話は半年後のショーについての仕事の話しをした。
細かい打ち合わせはまた今度する事になる為その後はファッション業界の話で盛り上がった。
食事もお酒も進んだころ三ツ谷さんがジッとこっちを見て黙った。
「?何かありました?」
「灰谷とさ、なんで別れたの?」
「え?」
「いや、灰谷めっちゃ執着強そうだったから」
「そんな事ないですよ。最後は彼の浮気でしたし」
「そうなの?」
「まあ、原因は私にあるんで責める事も出来ませんでしたけど」
「へぇ」
ワインを口に流し込んだ。
「子供の頃は何をするにも親の同意が必要で早く大人になって自由に好きな事を好きなだけしたいって思ってました」
自由に出来るお金もなく、学校も親に頼んで入れてもらった。
反対されてたわけでもないがそれでも窮屈さを感じていた。
「でも大人になって責任とか他との調和を考えるようになって、自分一人の考えだけで動く事がどれほど大変なのかがわかったんです」
三ツ谷さんはただ黙って聞いてくれていた。
「竜胆から結婚の話しが出た時、横浜のショーのトラブルがちょうど重なって」
「あー、あん時ね。

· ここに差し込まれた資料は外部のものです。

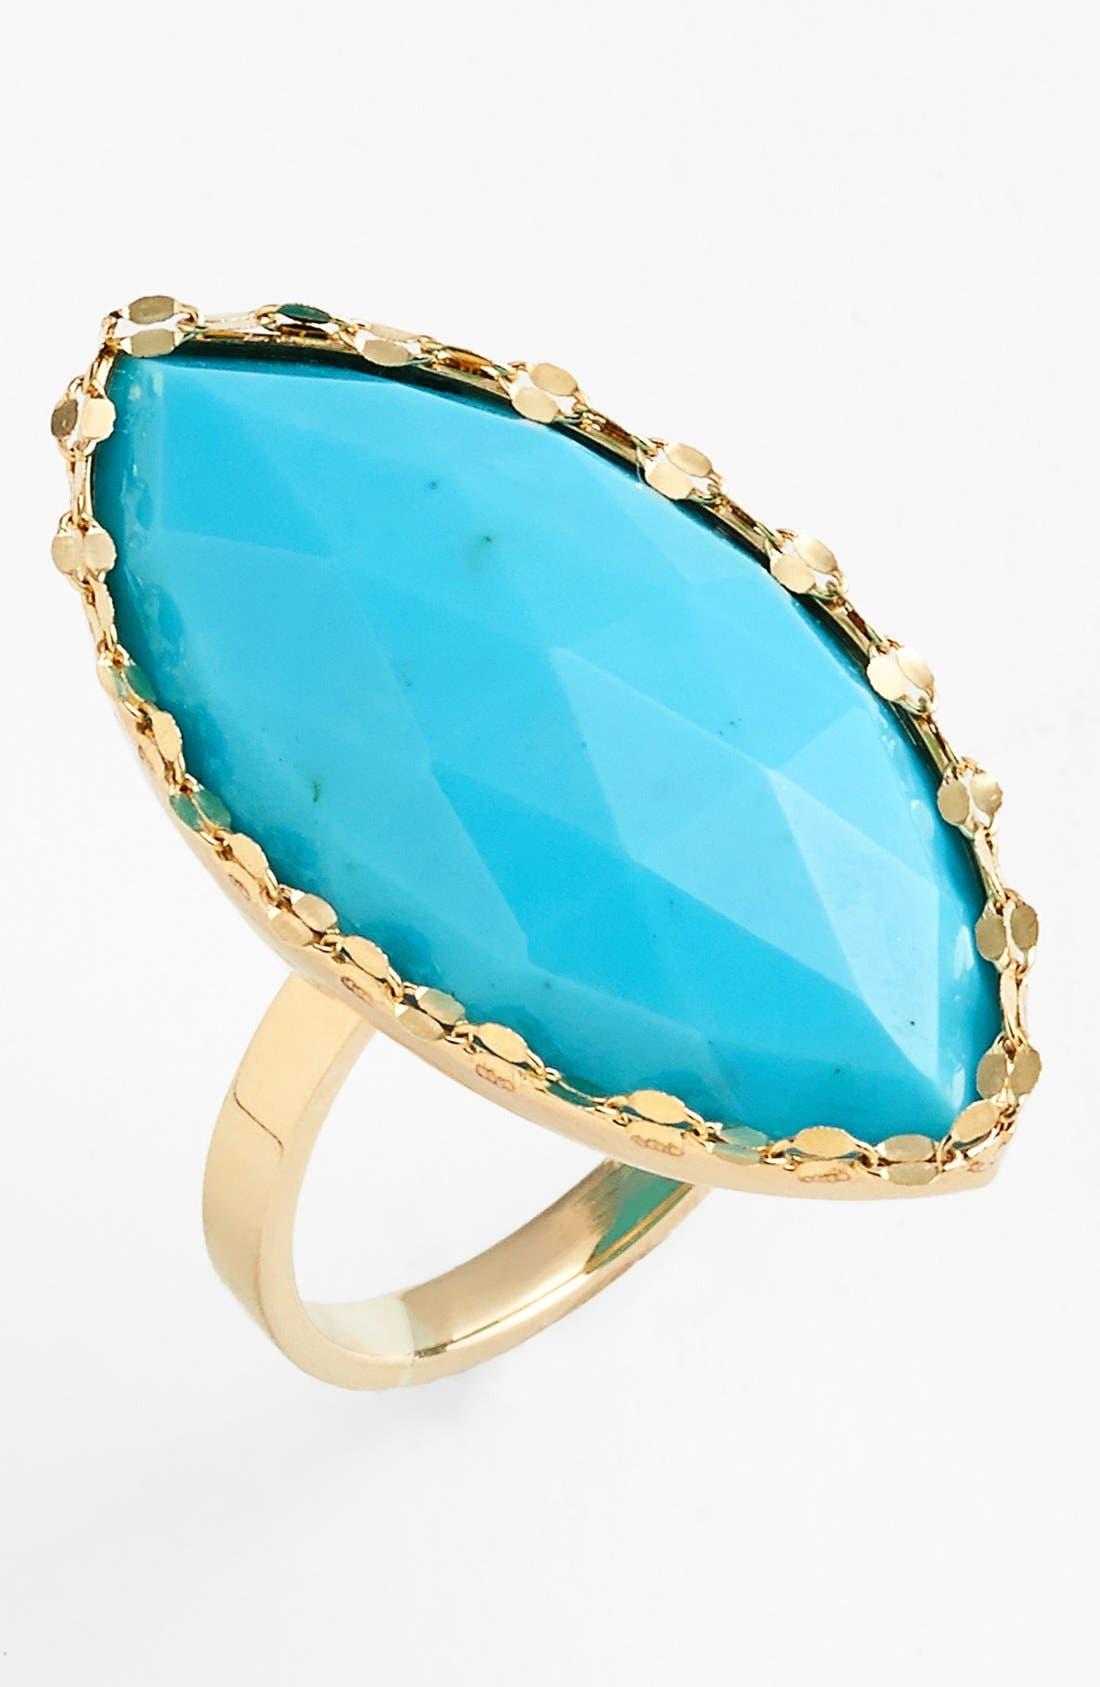 Main Image - Lana Jewelry Turquoise Marquise Ring

あん時は俺も寝ずに走り回ったわ」
同じ現場だった三ツ谷さんもそのトラブルに巻き込まれた。
「彼のプロポーズを蔑ろにしちゃったんです」
「あー」
「すぐに謝って事情を話せば良かったのかもしれませんが私は彼との未来と自分の夢を天秤にかけてしまったんです」
「ずっと頑張ってきた仕事だもんなぁ」
「竜胆は意外と子供好きなんですよ。弟だからなのか逆にお兄ちゃん振りたいみたいで。学生の時に迷子の子を見つけて肩車で親御さん探してる彼を見て良いなぁって思ったんです」
竜胆と仲良くなる前の出来事で竜胆も知らない。
「だから私とは一緒にいない方が彼の為なんです」
「Aちゃんさ、もっと欲張りになりなよ。Aちゃんの人生でAちゃん以上に大事なものはないんだよ?」
三ツ谷さんの言葉が胸に刺さった。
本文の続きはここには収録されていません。